Adding instrumentation to an application is only adds value if you can identify interesting properties of the internal 
state of the system. Intermediate results are low-level derived requirements that usually depend on architecture and 
implementation choices. There is no well-defined accepted process for eliciting these properties. We used a 
combination of approaches in an attempt to be through and to understand which approaches were most useful. We 
classified the properties in terms of there general applicability versus there specific relevance to SAFM. 

A. General Properties 

The most general properties are low-level properties related to programming language and platform runtime issues 
such as memory leaks and array bounds overflows. These issues, while still very problematic in practice, are 
reasonably well known 2 . We focused most of our time on identifying application specific properties. 

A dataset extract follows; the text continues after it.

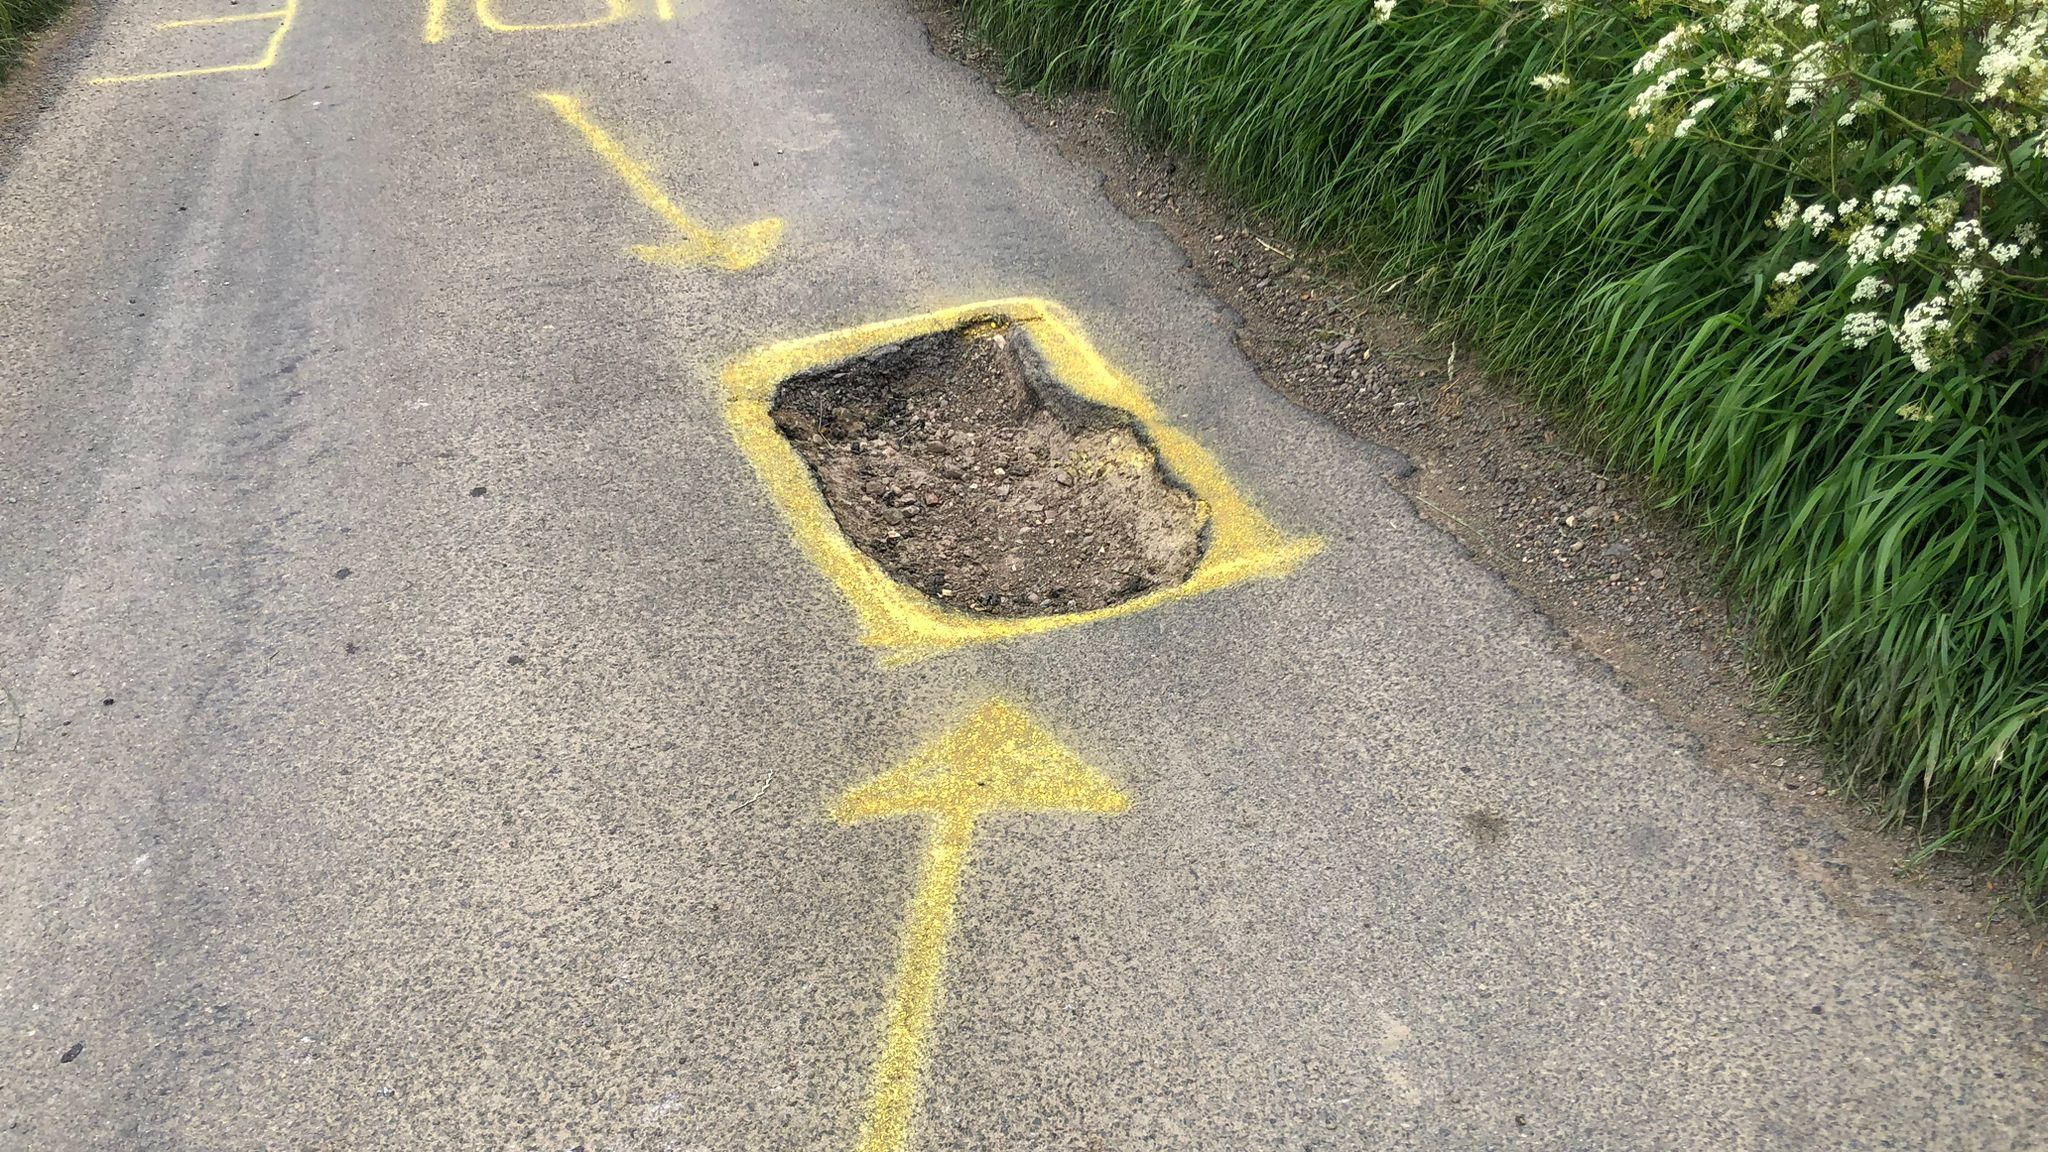 Pothole with yellow paint
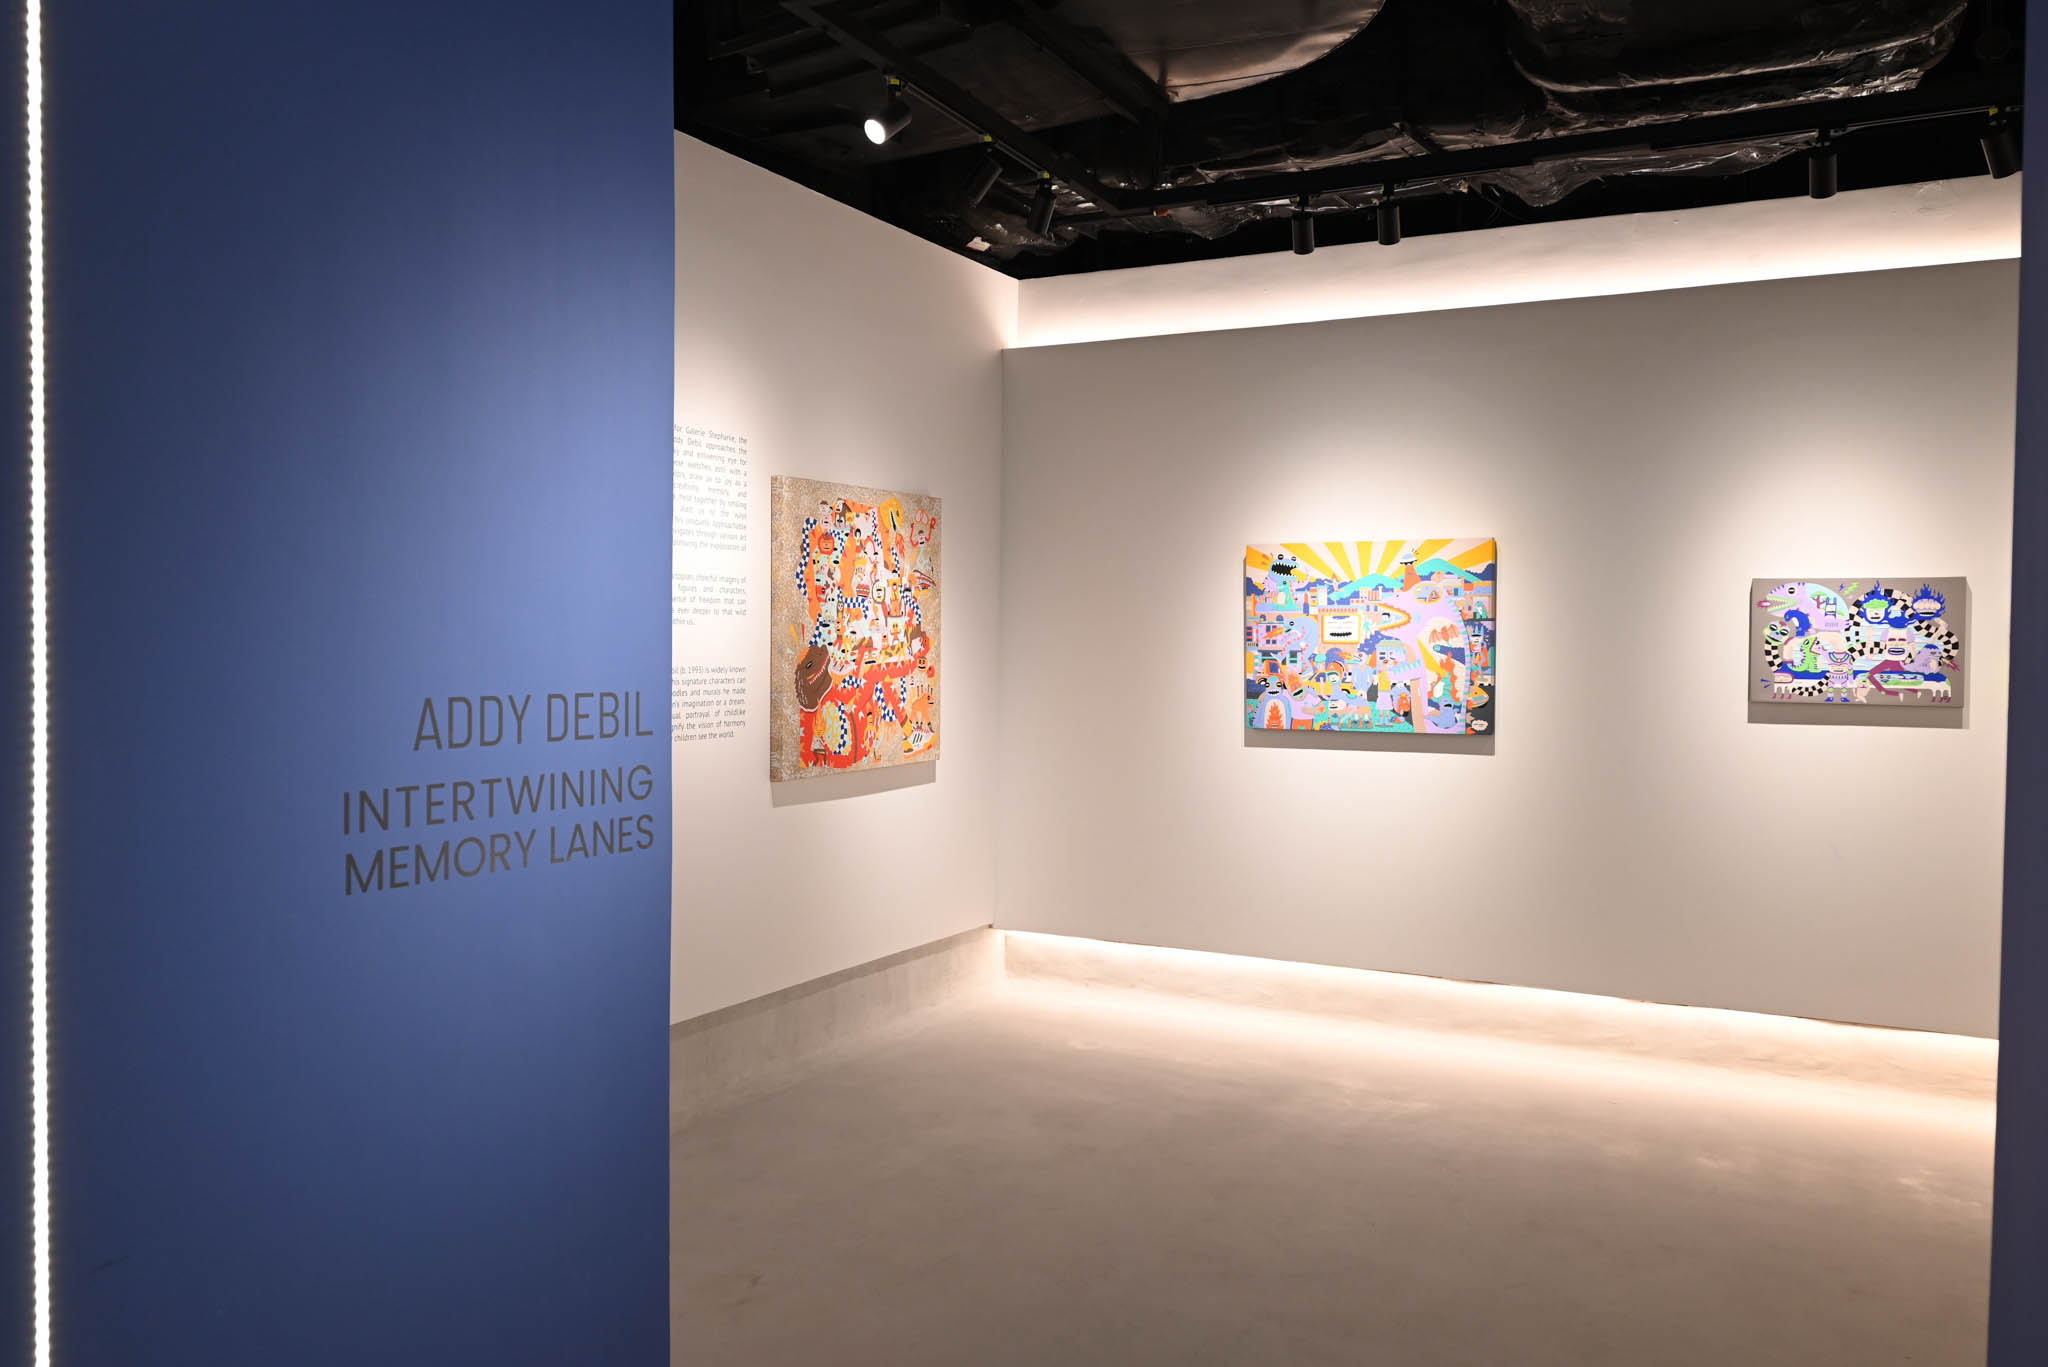 Addy Debil's "Intertwining Memory Lanes" exhibit for Galerie Stephanie x Cartellino.

B. Application Specific Properties 

To elicit application specific properties, we hosted SAFM test lead at ARC for a week to discuss the SAFM 
architecture and to identify instrumentation points where critical intermediate values could be checked. The 
discussions were focused on three topics: 

• requirements which the test lead felt were relatively under- tested, 

• specific problems that had occurred during development which had proven difficult to detect with standard 
testing, and 

• open-ended discussions about SAFM requirements guided by the questions “how can you tell that is 
working” and “what happens if that is broken ” 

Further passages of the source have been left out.